Thursday, October 13, 2016

Price for larger Iowa State plane $500K higher than reported


This undated photo provided by the Bloomington Normal Airport Authority shows a damaged wing of a Cirrus SR22 (N176CF) plane at the Central Illinois Regional Airport in Bloomington, Ill. Iowa State University President Steven Leath caused "substantial damage" to the university airplane he was piloting when it made a hard landing at the Illinois airport last year — a costly incident kept quiet for 14 months.

The Iowa State University Foundation paid nearly half of a million dollars more than previously reported for a twin-engine aircraft it purchased in 2014 and gifted to the university, according to documents released Wednesday night by Iowa State.

The purchase, sales, listing and acquisition agreements show the foundation paid $2.875 million to buy a 2002 Beechcraft King Air 350 for use by ISU Flight Service. University officials previously told the Des Moines Register the foundation paid $2.4 million for the plane.

University officials released a number of documents Wednesday related to the operation of ISU Flight Service and the use of university-owned aircraft by ISU President Steven Leath. The release came nearly three weeks after officials confirmed Leath, who has a pilot’s license, had damaged the university's single-engine Cirrus SR22 plane during a hard landing last year in Bloomington, Ill.

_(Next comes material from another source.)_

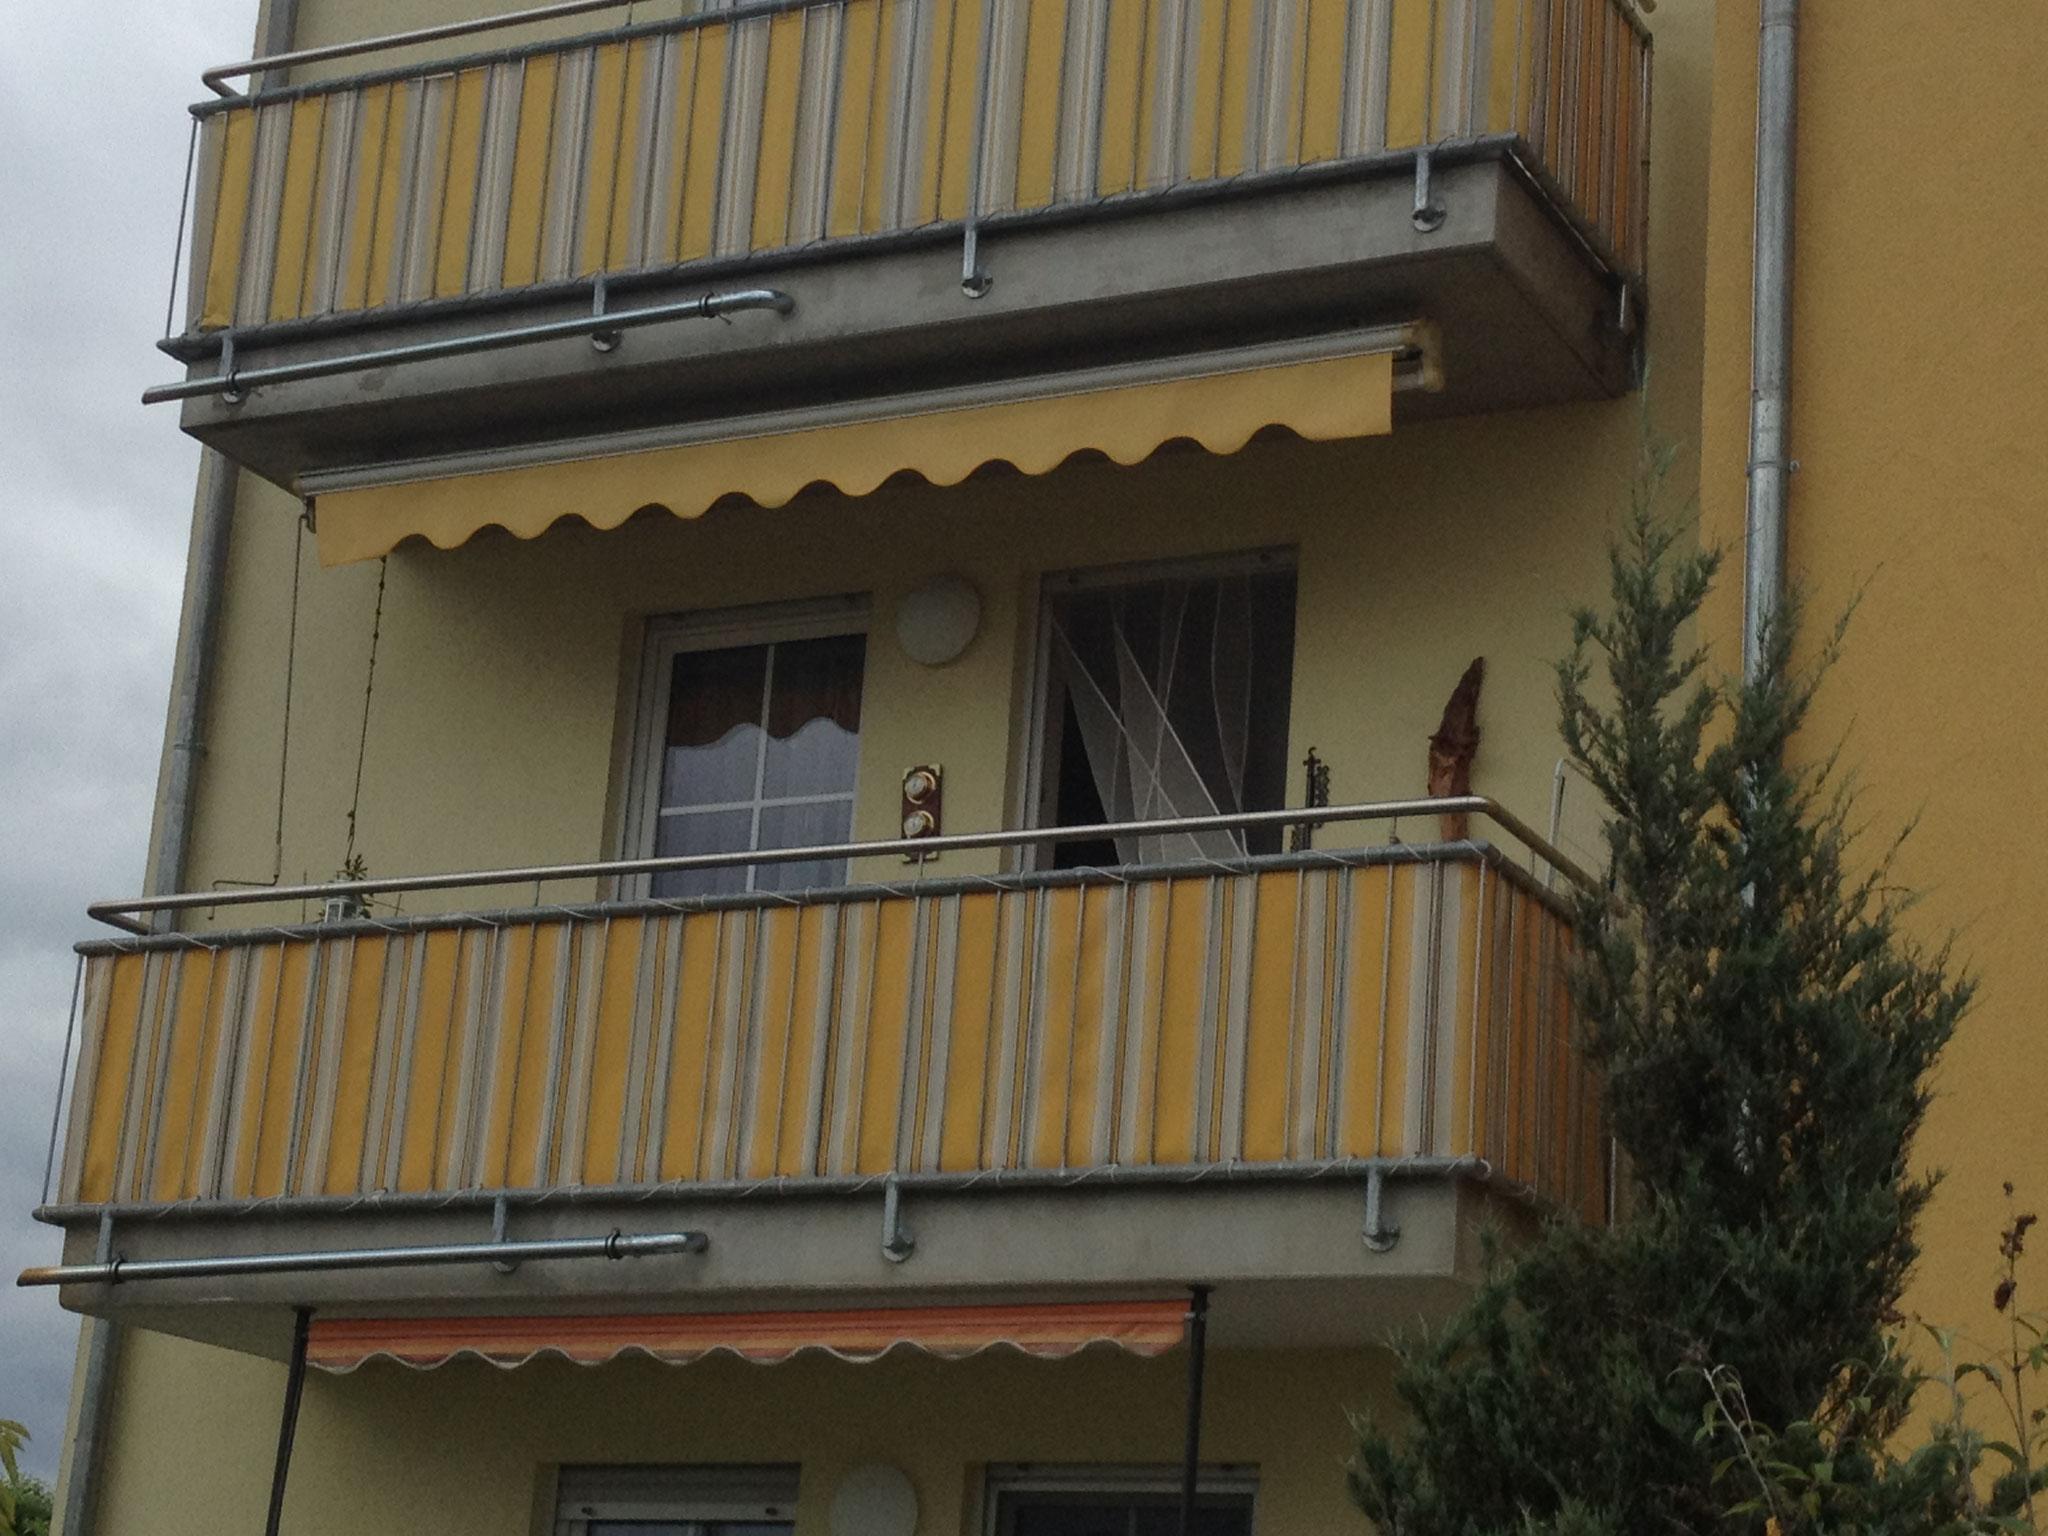 Markise Deluxe Plus und Balkonumrandung

The incident has since raised questions related to Leath flying the plane for at least four trips that mixed personal and university business. It also has raised questions about how Leath has used the King Air plane as a passenger and how both planes were purchased in 2014.

The purchase of the King Air is the only occasion in the past five years in which a foundation for any of Iowa’s three public universities has purchased such high-priced piece of equipment to be gifted to its university.

The purchase of the King Air had been a priority for the ISU Department of Athletics, according to an FAQ released Wednesday by the university. The money for the purchase came from discretionary funds from the ISU Foundation that are designated for that purpose.

Information released Wednesday also shows that the title for the King Air was transferred directly from the seller — the Canadian-based PIC Flight Services Inc. — to the university and not to the foundation.

Officials with foundations for the University of Iowa and the University or Northern Iowa reported last month having no such purchase of equipment costing more than $1 million in the past five years. UI officials later clarified that the UI Foundation has not purchased any equipment to gift to the university; the foundation provides the funding for the university to make such purchases.

Officials with the ISU Foundation confirmed Thursday that they have not made any other $1 million-plus purchases on behalf of the university.

The Iowa Board of Regents, which oversees Iowa’s three public universities, had a policy at the time of the purchase requiring the universities to seek board approval of any equipment costing $1 million or more. Regent and university officials have said that because the plane was purchased by the foundation, approval from the full board was not required.

State lawmakers have suggested that if the plane had been placed on the agenda for a regents meeting, it would have led to a broader discussion about whether a public university needs to own aircraft at all.

In response to questions about Leath’s use of university aircraft, regent internal audit staff are conducting a review to ensure the equipment and travel policies at all three universities are in compliance with state law. Discussion of the review is scheduled for the regents Oct. 19-20 meeting in Cedar Falls.

Regent officials said last week the board’s internal audit division has not looked at ISU Flight Service for more than a decade.

Iowa State obtained the smaller Cirrus plane during the same year as the King Air. Both planes replaced two older planes previously used by ISU Flight Service — a 1977 King Air and a 1978 Piper PA 28-161.

Unlike with the King Air, the university directly purchased the Cirrus for $470,000 for after trade-in — well below the $1 million threshold for requiring regent approval. The money came from foundation funds that were set aside for use at the discretion of the Iowa State president.